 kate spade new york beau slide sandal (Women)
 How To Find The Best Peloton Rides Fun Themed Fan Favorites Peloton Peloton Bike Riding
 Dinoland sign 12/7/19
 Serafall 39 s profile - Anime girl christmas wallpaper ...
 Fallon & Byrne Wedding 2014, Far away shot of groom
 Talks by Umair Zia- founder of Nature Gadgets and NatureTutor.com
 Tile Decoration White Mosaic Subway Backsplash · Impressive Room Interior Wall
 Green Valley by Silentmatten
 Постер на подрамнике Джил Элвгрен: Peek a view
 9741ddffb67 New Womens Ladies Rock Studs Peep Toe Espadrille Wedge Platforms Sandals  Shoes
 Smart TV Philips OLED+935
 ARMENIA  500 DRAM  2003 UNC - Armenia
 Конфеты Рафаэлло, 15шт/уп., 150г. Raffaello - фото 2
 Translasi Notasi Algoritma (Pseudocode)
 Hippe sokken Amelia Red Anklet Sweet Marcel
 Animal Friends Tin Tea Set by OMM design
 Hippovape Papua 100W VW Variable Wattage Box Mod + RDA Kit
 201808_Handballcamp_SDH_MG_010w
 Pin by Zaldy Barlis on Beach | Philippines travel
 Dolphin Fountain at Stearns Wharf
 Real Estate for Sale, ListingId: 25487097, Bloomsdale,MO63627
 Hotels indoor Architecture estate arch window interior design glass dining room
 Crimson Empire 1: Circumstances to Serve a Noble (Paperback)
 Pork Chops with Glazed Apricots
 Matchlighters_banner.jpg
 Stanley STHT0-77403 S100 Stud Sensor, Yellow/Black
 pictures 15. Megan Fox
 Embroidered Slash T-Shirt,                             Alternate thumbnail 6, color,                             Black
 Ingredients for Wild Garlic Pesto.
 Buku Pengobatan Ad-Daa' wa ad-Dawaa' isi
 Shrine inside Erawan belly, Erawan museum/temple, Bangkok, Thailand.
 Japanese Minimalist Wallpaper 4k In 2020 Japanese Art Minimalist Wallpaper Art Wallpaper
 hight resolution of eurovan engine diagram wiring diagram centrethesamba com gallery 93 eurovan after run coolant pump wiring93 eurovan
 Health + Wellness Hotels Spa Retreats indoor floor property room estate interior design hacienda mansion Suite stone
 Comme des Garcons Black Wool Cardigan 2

____

Word for word, restate the lines of the data above that fall between the line holding "Конфеты Рафаэлло, 15шт/уп., 150г." and the line holding "pictures 15. Megan Fox", inclusive, and no other lines.

# Exercise response:
 Конфеты Рафаэлло, 15шт/уп., 150г. Raffaello - фото 2
 Translasi Notasi Algoritma (Pseudocode)
 Hippe sokken Amelia Red Anklet Sweet Marcel
 Animal Friends Tin Tea Set by OMM design
 Hippovape Papua 100W VW Variable Wattage Box Mod + RDA Kit
 201808_Handballcamp_SDH_MG_010w
 Pin by Zaldy Barlis on Beach | Philippines travel
 Dolphin Fountain at Stearns Wharf
 Real Estate for Sale, ListingId: 25487097, Bloomsdale,MO63627
 Hotels indoor Architecture estate arch window interior design glass dining room
 Crimson Empire 1: Circumstances to Serve a Noble (Paperback)
 Pork Chops with Glazed Apricots
 Matchlighters_banner.jpg
 Stanley STHT0-77403 S100 Stud Sensor, Yellow/Black
 pictures 15. Megan Fox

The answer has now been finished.